Freddy Oncoy

Personal information
- Full name: Freddy Alejandro Oncoy Huarote
- Date of birth: 29 September 2000 (age 25)
- Place of birth: Lima, Peru
- Height: 1.82 m (6 ft 0 in)
- Position: Midfielder

Team information
- Current team: UTC
- Number: 13

Youth career
- Sport Boys

Senior career*
- Years: Team / Apps / (Gls)
- 2019–2020: Sport Boys / 26 / (0)
- 2021–2024: Melgar / 25 / (1)
- 2023: → Binacional (loan) / 32 / (7)
- 2024: → Atlético Grau (loan) / 26 / (3)
- 2025–: UTC / 36 / (1)

International career
- 2017: Peru U17 / 3 / (0)

= Freddy Oncoy =

Peruvian footballer (born 2000)

Freddy Alejandro Oncoy Huarote (born 29 September 2000) is a Peruvian footballer who plays as a midfielder for Peruvian Primera División side UTC.

==Ccareer==
===Club career===
Oncoy was promoted to the first team squad in the summer 2018 at the age of 17. He got his official debut for Sport Boys on 28 October 2018 against Carlos A. Mannucci. Oncoy started on the bench, before replacing Luis Magallanes in the 58th minute. Oncoy made a total of 4 appearances for Sport Boys in the 2019 Torneo Descentralizado season.
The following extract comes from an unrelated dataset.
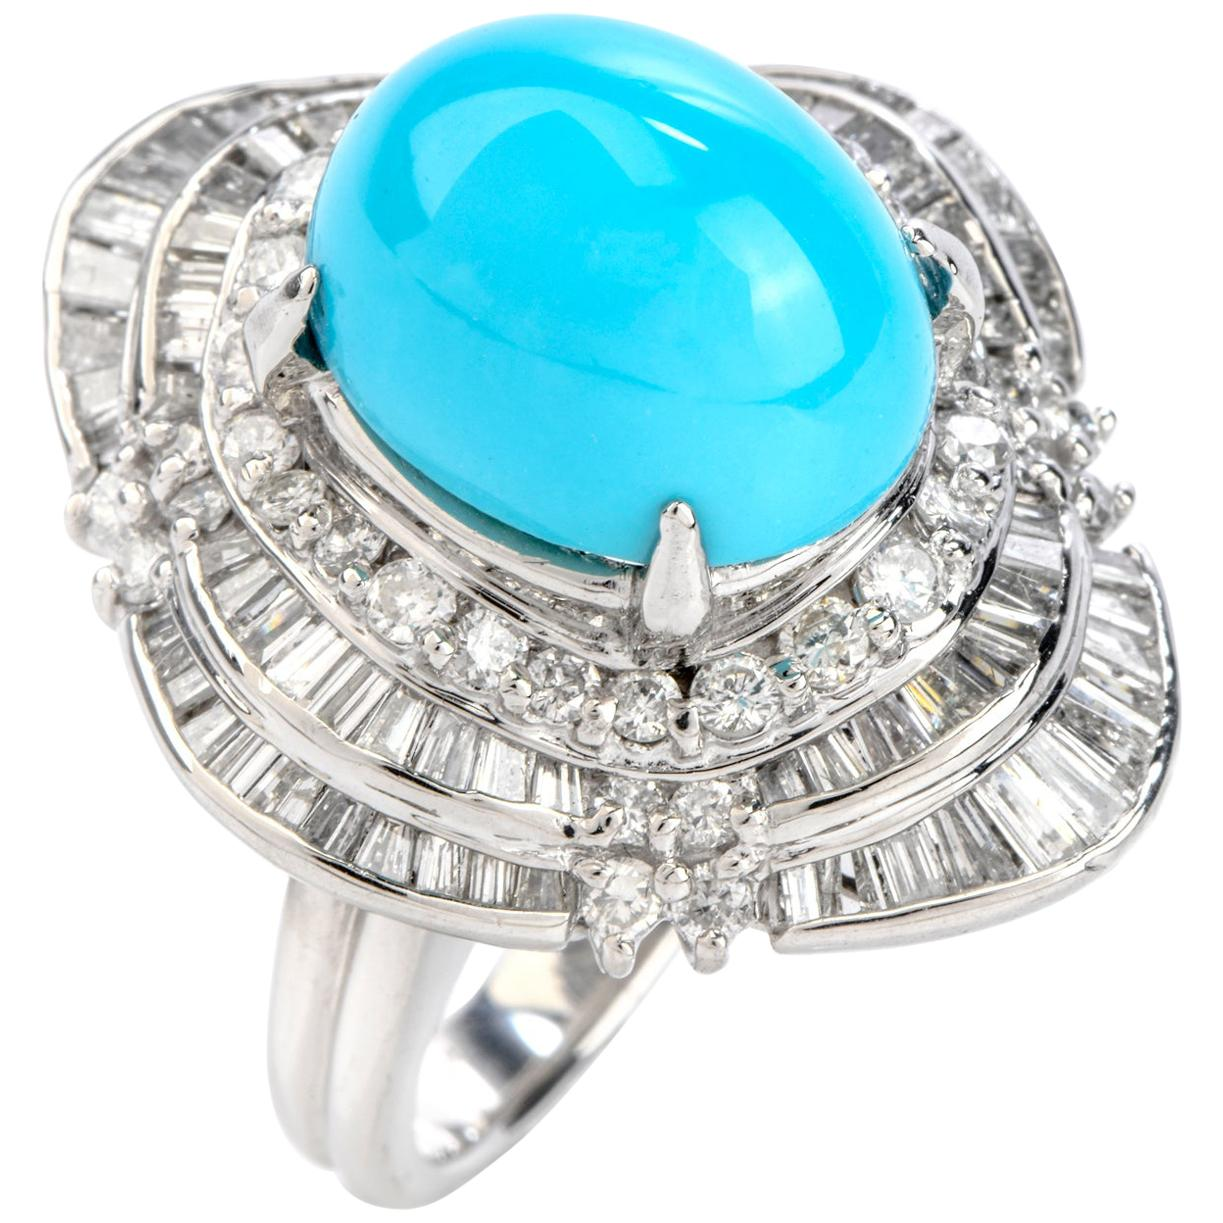 1980s Turquoise Diamond Platinum Ballerina Cocktail Ring

In December 2024, ahead of the 2025 season, Oncoy signed with Peruvian Primera División side UTC Cajamarca.

==International career==
Oncoy made two appearances for Peru U17 in the 2017 South American U-17 Championship against Brazil U17 and Argentina U17. He also played in a friendly game against Bolivia U17.